J. Blaine Anderson (January 19, 1922 – April 16, 1988) was a United States circuit judge of the United States Court of Appeals for the Ninth Circuit and previously was a United States district judge of the United States District Court for the District of Idaho.

Education and career

Born in Trenton, Utah, Anderson was raised in Pocatello, Idaho. He attended Idaho State College in Pocatello and completed his bachelor's degree at the University of Washington in Seattle.
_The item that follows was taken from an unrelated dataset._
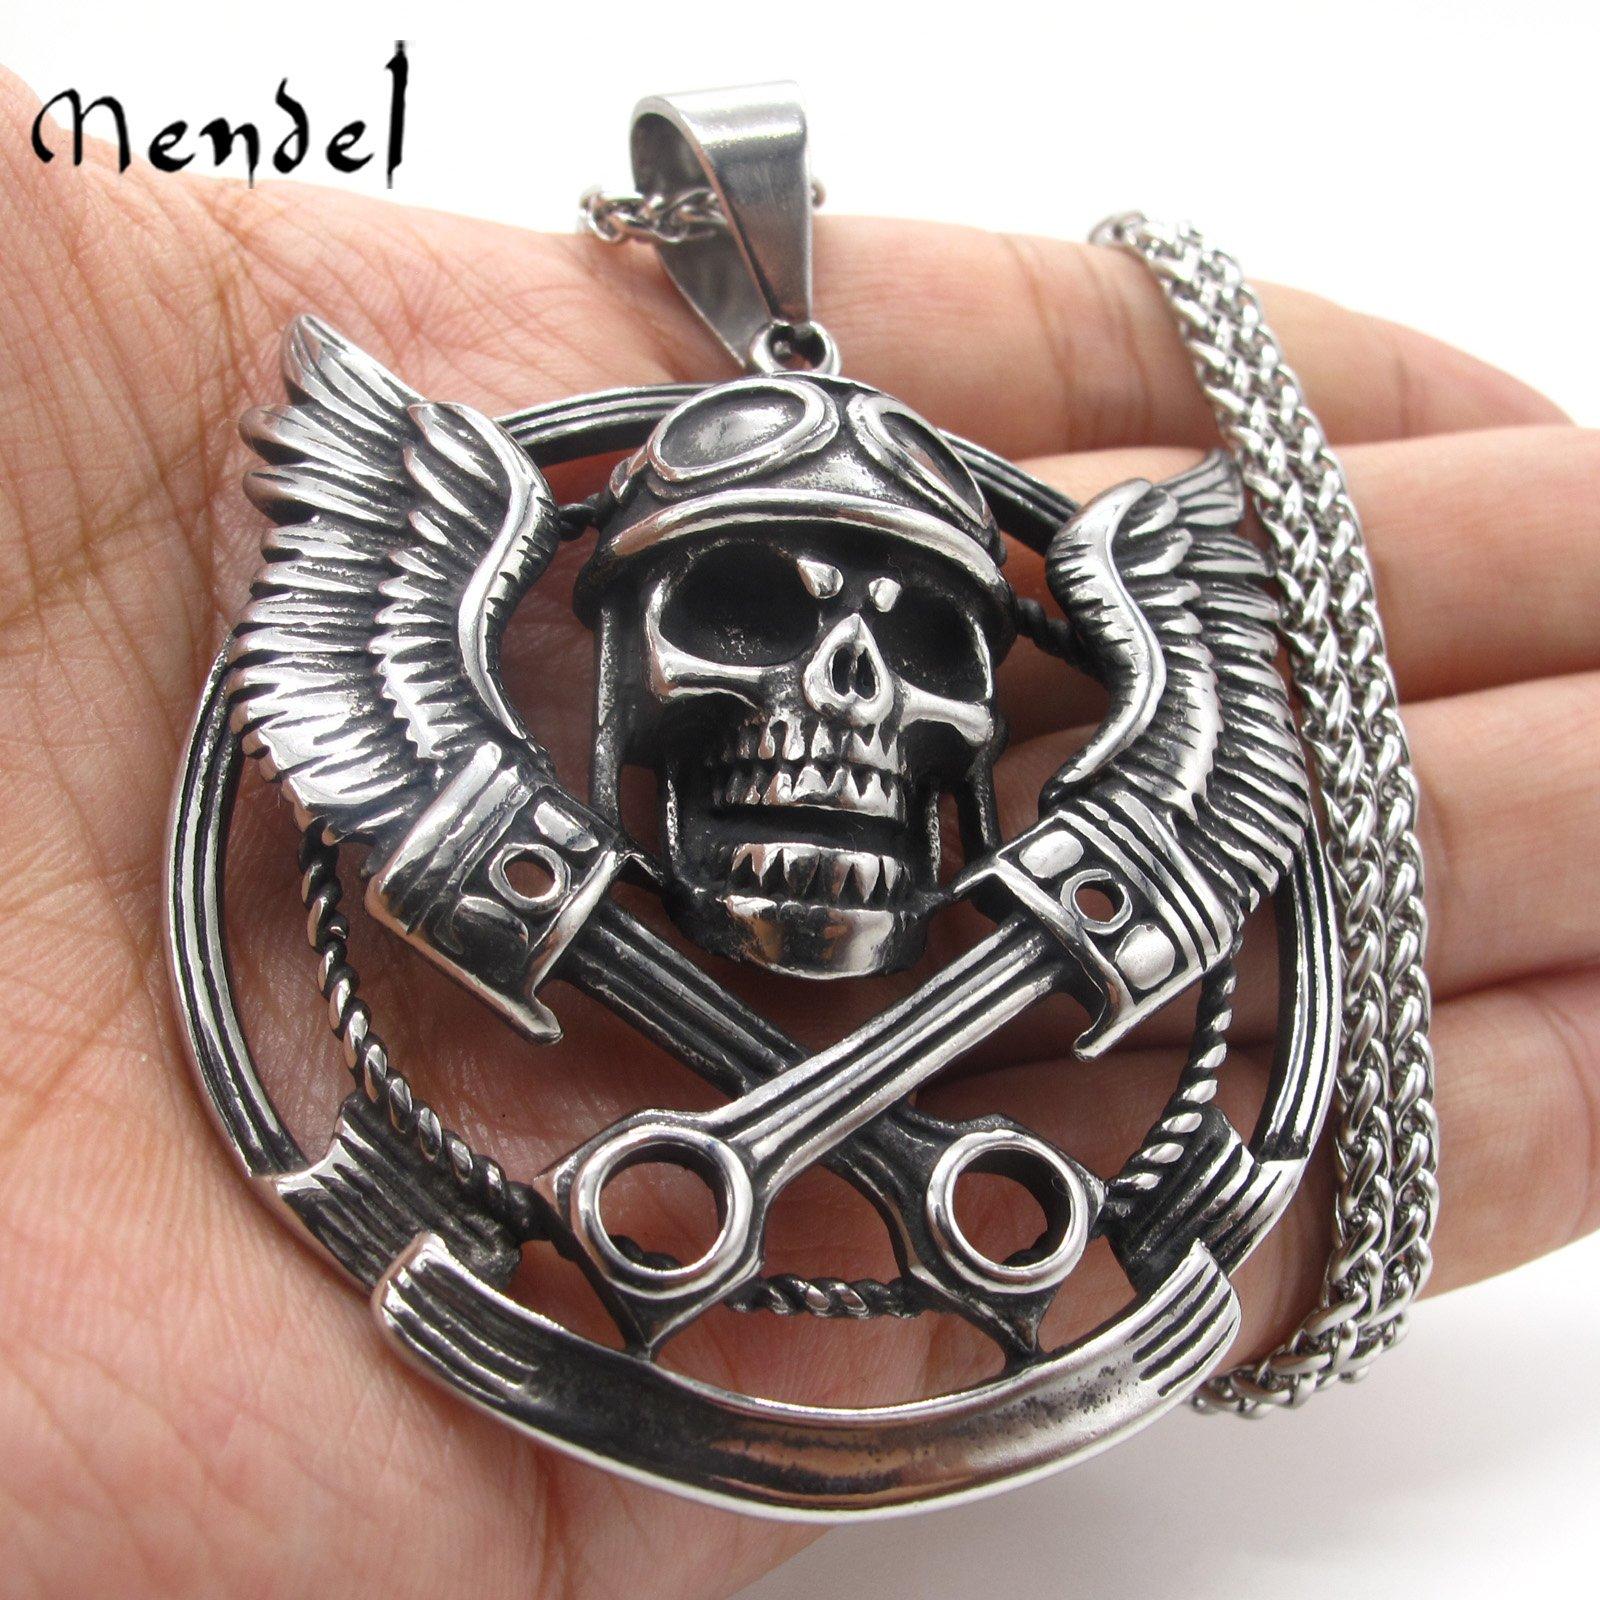 MENDEL Mens 30 Inch Motorcycle Club Biker Skull Pendant Necklace Stainless Steel

Anderson then attended the University of Idaho in Moscow and received a Juris Doctor from its College of Law in 1949. He was admitted to the bar and was in private practice from 1949 to 1971 in Blackfoot, Idaho.

Federal judicial service

Anderson was nominated by President Richard Nixon on December 1, 1971, to a seat on the United States District Court for the District of Idaho vacated by Judge Fredrick Monroe Taylor. He was confirmed by the United States Senate on December 4, 1971, and received his commission on December 9, 1971. His service was terminated on July 23, 1976, due to elevation to the Ninth Circuit.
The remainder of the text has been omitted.